Mais, que se passe-t-il lorsqu’on vous apprend que votre enfant ne peut plus être soigné dans l’hôpital de votre région, qu’on doit l’envoyer à Montréal pour qu’il puisse obtenir des soins ultra spécialisés? Et que se passe-t-il dans la tête de votre enfant lorsque vous lui annoncez la nouvelle? En 2002, nous avons dû faire face à cette dure réalité et, comme des milliers d’autres parents, nous avons dû répondre aux trois premières questions que nous adresse alors spontanément un enfant qui fait face à une telle annonce : Est-ce que je vais guérir ou, si votre enfant est un peu plus âgé est-ce que je vais mourir? Il vous pose ensuite une deuxième question qui est : Combien de temps est-ce que je vais devoir demeurer à Montréal, loin de la maison et de mes amis? Et finalement, il vous pose la seule question à laquelle vous pouvez répondre avec certitude : Est-ce que tu vas rester avec moi?

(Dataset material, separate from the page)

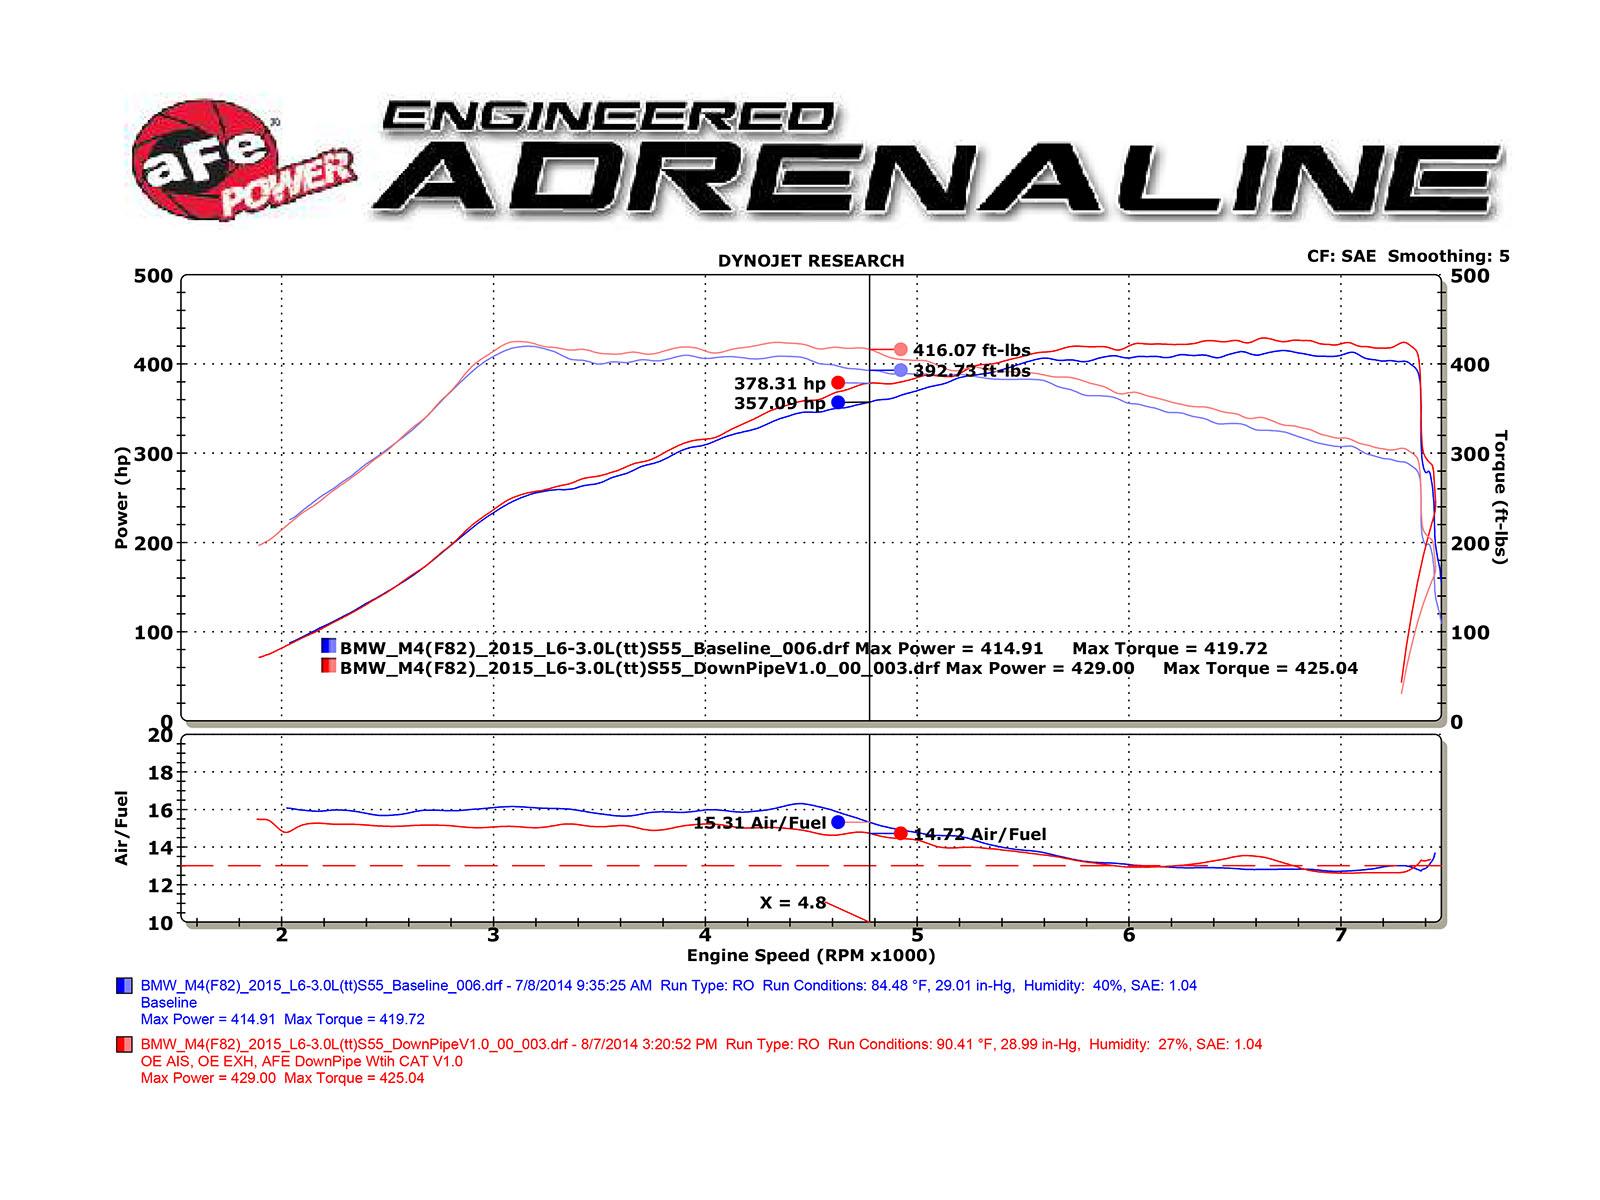 w124 500e wiring diagram for caravan electrics c32 amg engine html imageresizertool com

En plus de devoir composer avec un sentiment d’impuissance et un niveau d’anxiété qui atteint son paroxysme, vous devez alors complètement réorganiser votre vie familiale et votre vie professionnelle. Qui va s’occuper des autres enfants à la maison? Comment annoncer à votre patron que vous devez arrêter de travailler? Concrètement et financièrement, de quoi allez-vous vivre? Comment allez-vous financer l’augmentation considérable des dépenses auxquelles vous devez maintenant faire face : se loger à Montréal en plus de devoir continuer à payer son hypothèque, augmentation considérable de vos frais de déplacement, de stationnement, de téléphone et de nourriture, puisque vous mangerez dorénavant surtout à la cafétéria de l’hôpital et n’aurez plus le temps de faire de grosses épiceries et de cuisiner pour le reste de la famille?

En 2002 donc, notre fille a été transférée au CHU Sainte-Justine et on nous parlait alors d’une hospitalisation d’une durée de deux semaines. Isabelle y est demeurée durant 110 jours durant lesquels, grâce à l’appui extraordinaire que nous a offert le Manoir Ronald McDonald, nous avons pu accompagner notre fille presque 24 heures sur 24 avant qu’elle ne succombe suite à des événements tragiques. Nous avons alors côtoyé des parents de partout en province qui ont également tout lâché afin de ne pas abandonner leur enfant. Nous y avons rencontré des parents qui sont demeurés pour de courtes périodes, mais y avons également rencontré des parents qui ont séjourné durant 3 mois, 6 mois, 9 mois et même une année entière, et ce, sans qu’aucune aide autre que celle du Manoir ne leur soit offerte pour leur permettre de passer à travers cette dure épreuve.